Literacy: Literacy Partnerships Home & School (Article Summary)

These are some article summaries from my 2nd year Studies. It should be longer (although course requirements state a short summary is only required) but normally if the student wants to score higher, lecturers would prefer a longer summary. At least that is what my lecturers at university did.

Morrow, L (1997) “Family Literacy Partnerships home and school working together”, Literacy development in the early years, Allyn & Bacon, Boston, MA, pp.52-85

The article first describes a grandmother demonstrating and taking advantage of the print in the grandchildren’s life that is familiar and extending and using it as a pleasurable experience to enrich the grand children’s literacy knowledge.

* Family literacy encompasses all members of the family, as well as extended family members to make use of the different literacy activities that could be the outcome of spontaneous activities, parent or child initiated, out or routines, using drawings or writings to communicate ideas.

* It is important because:

1) Findings reveal home practices that play a major role to literacy success in school settings and the crucial role a family plays in the development of children’s literacy & on how they as members of the family can help.

2) Leichter (1984) states that families influence literacy development in 3 ways: interpersonal interaction, physical environments, emotional and motivational climate.

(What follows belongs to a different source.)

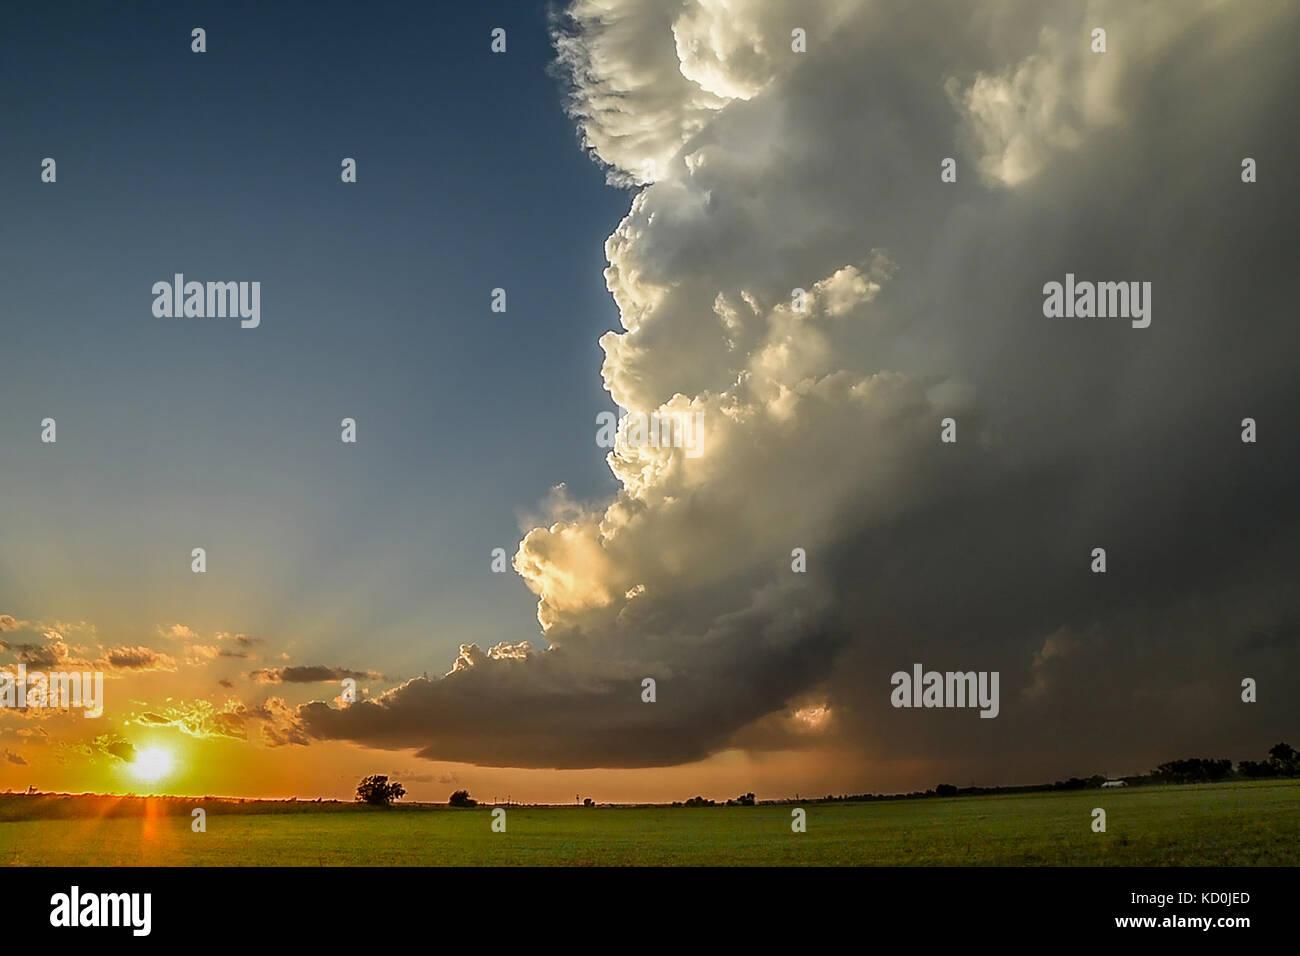 Geringer Niederschlag supercell würdevoll Spirale wie die Sonne am Horizont, Chickasha, Oklahoma, USA Stockbild

* It is important that parents provide a lot of materials for writing in the home as the author believes that learning to read is enhanced by concurrent experiences with writing is facilitated by experiences with reading.
* I agree with the author as I believe literacy should also be a family affair and not just left to the school. When family members engage in a family literacy process, it creates a win-win situation, whereby parents learn more about their children and develop a closer relationship as a result. I believe that the author’s perspective is in line with the current practice in education trends, where educators are advocating for families to once again learn to take responsibility and share for their children’s success in developing literacy skills.